Rotational Motion

Rotational motion is described as the turning motion of the object caused by a net torque applied to the object. It is measured by the angular displacement, angular velocity, and angular acceleration of the object.

The angular displacement is the angle \(\theta\) or the distance covered by the object as it turns. The change in the distance covered by the object over the change in time is the angular velocity. The angular acceleration is the change in angular velocity per change in time. The base unit for rotational motion is radians.

When an object is rotating, the angular velocity is uniform all throughout the motion. However, at some point of the object, there’s difference in the linear velocity. This depends on the radius from each point in the object.

Here is a list of equations in measuring the rotational motion of an object.

angular displacement: \(\theta\)

angular velocity: \(\omega=\frac{\Delta \theta}{\Delta t}\)

angular acceleration: \(\alpha=\frac{\Delta \omega}{\Delta t}\)

linear velocity: \(v=\omega r\)


 

Example 1.

A disc rotates at \(45\;rpm\). What is its angular velocity? If it takes \(3.5\;s\) to change its velocity, what is the angular acceleration of the disc?

Solution 1.

Given 45 revolutions per minute. This this the change in the angle \(\theta\) over the change in time \(t\). Thus, this gives the angular velocity of the disc. To solve, we have to convert \(rpm\) to \(rad/s\) since radians is the base unit of rotational motion. We use the conversion factors: \(1\; revolution = 2\pi\;radians\) and \(1\;min=60\;s\). So,

\(\omega=\frac{45\;revs}{min}\times \frac{2\pi\; rad}{1\;rev}\times \frac{1\;min}{60\;s}=4.7\;rad/s\).

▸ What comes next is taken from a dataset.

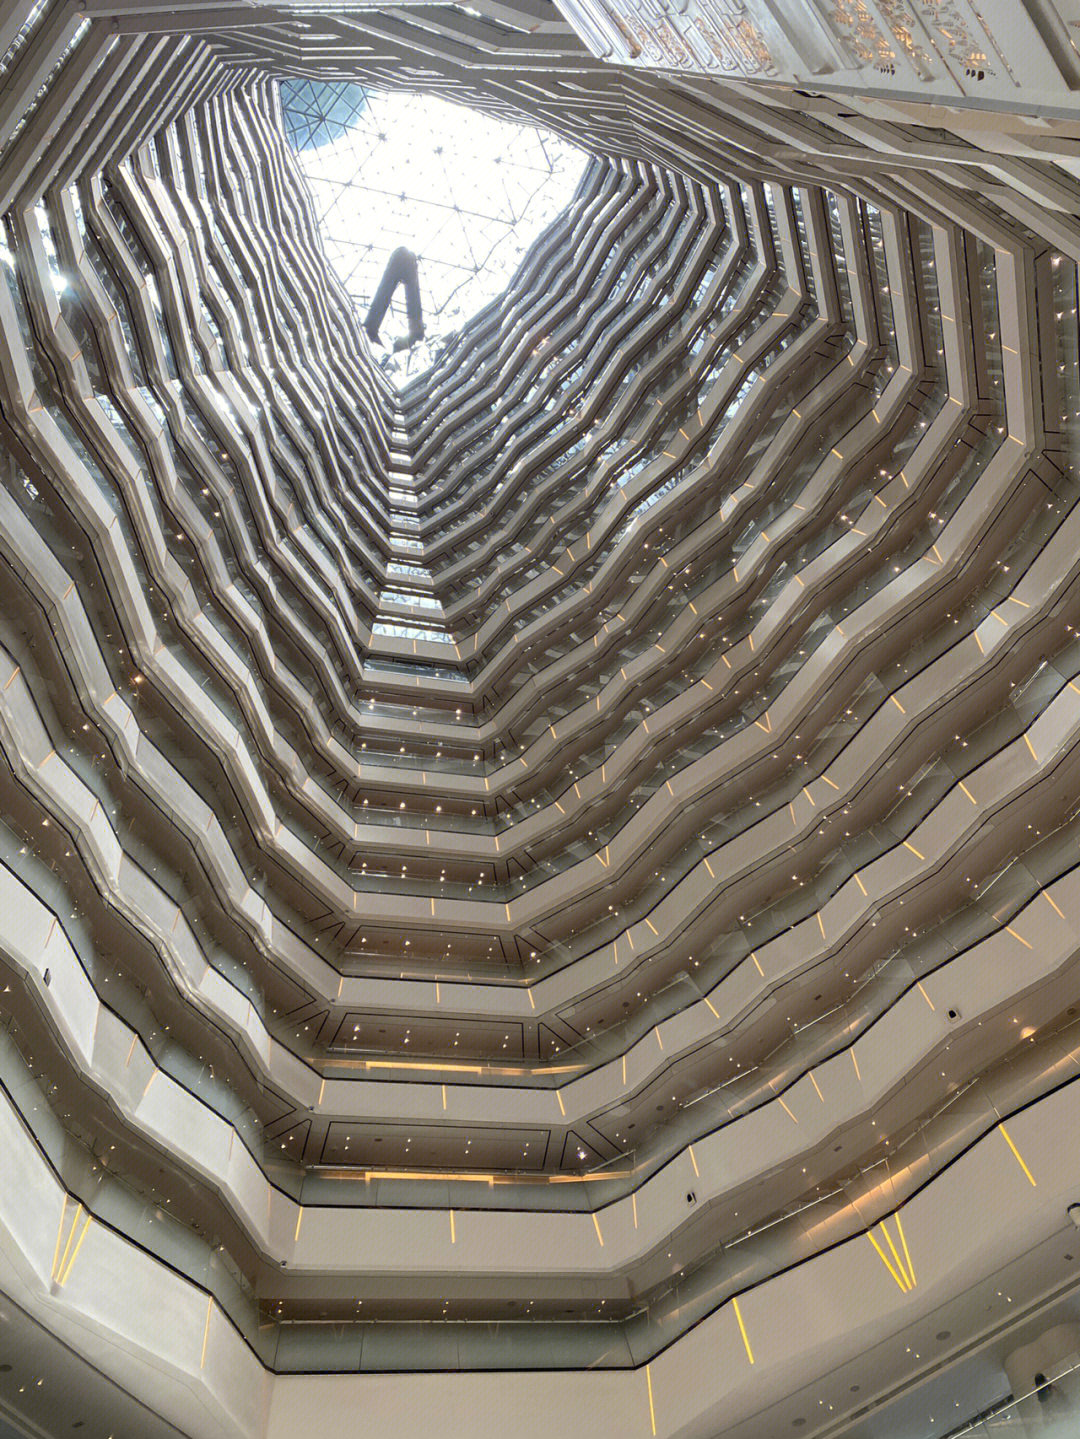 国内最高的酒店,70层空中大堂,最高100层;2

Therefore, the angular velocity of the disc is \(4.7\;rad/s\).


Solution 2.

The disc’s angular acceleration is the change in velocity over the change in time, \(\alpha=\frac {\Delta \omega}{\Delta t}\).

\(\alpha=\frac{4.7\;rad/s}{3.5\;s}=1.34\;rad/s^2\)

Thus, the disc accelerates at a rate of \(1.34\;rad/s^2\).


Example 2.

What is the linear velocity at each point in the disc.

\(r_1=0\\ r_2=0.02\;m\\ r_3=0.06\;m\)

Solution 1:

At \(r=0\), the linear velocity \(v=\omega r\) is,

\(v=(4.7\;rad/s)(0\;m)=0\; m/s\)


Solution 2:

At \(r=0.02\;m\),

\(v=(4.7\;rad/s)(0.02\;m/s)=0.094\;m/s\)


Solution 3:

At \(r=0.06\;m\),

\(v=(4.7\;rad/s)(0.06\;m)=0.28\;m/s\)